* Directions:
Working from the records beneath this line, reproduce each one exactly.

* Record extracts:
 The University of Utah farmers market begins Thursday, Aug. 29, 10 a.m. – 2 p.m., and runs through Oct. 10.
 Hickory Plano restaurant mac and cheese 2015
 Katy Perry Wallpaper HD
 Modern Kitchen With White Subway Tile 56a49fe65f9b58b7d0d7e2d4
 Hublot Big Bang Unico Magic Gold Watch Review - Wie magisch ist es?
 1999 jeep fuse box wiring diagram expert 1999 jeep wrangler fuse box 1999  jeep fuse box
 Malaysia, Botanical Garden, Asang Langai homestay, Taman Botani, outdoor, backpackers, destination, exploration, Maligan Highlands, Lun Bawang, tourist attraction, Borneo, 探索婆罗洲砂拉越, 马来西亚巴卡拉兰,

* Answer to this exercise:
 The University of Utah farmers market begins Thursday, Aug. 29, 10 a.m. – 2 p.m., and runs through Oct. 10.
 Hickory Plano restaurant mac and cheese 2015
 Katy Perry Wallpaper HD
 Modern Kitchen With White Subway Tile 56a49fe65f9b58b7d0d7e2d4
 Hublot Big Bang Unico Magic Gold Watch Review - Wie magisch ist es?
 1999 jeep fuse box wiring diagram expert 1999 jeep wrangler fuse box 1999  jeep fuse box
 Malaysia, Botanical Garden, Asang Langai homestay, Taman Botani, outdoor, backpackers, destination, exploration, Maligan Highlands, Lun Bawang, tourist attraction, Borneo, 探索婆罗洲砂拉越, 马来西亚巴卡拉兰,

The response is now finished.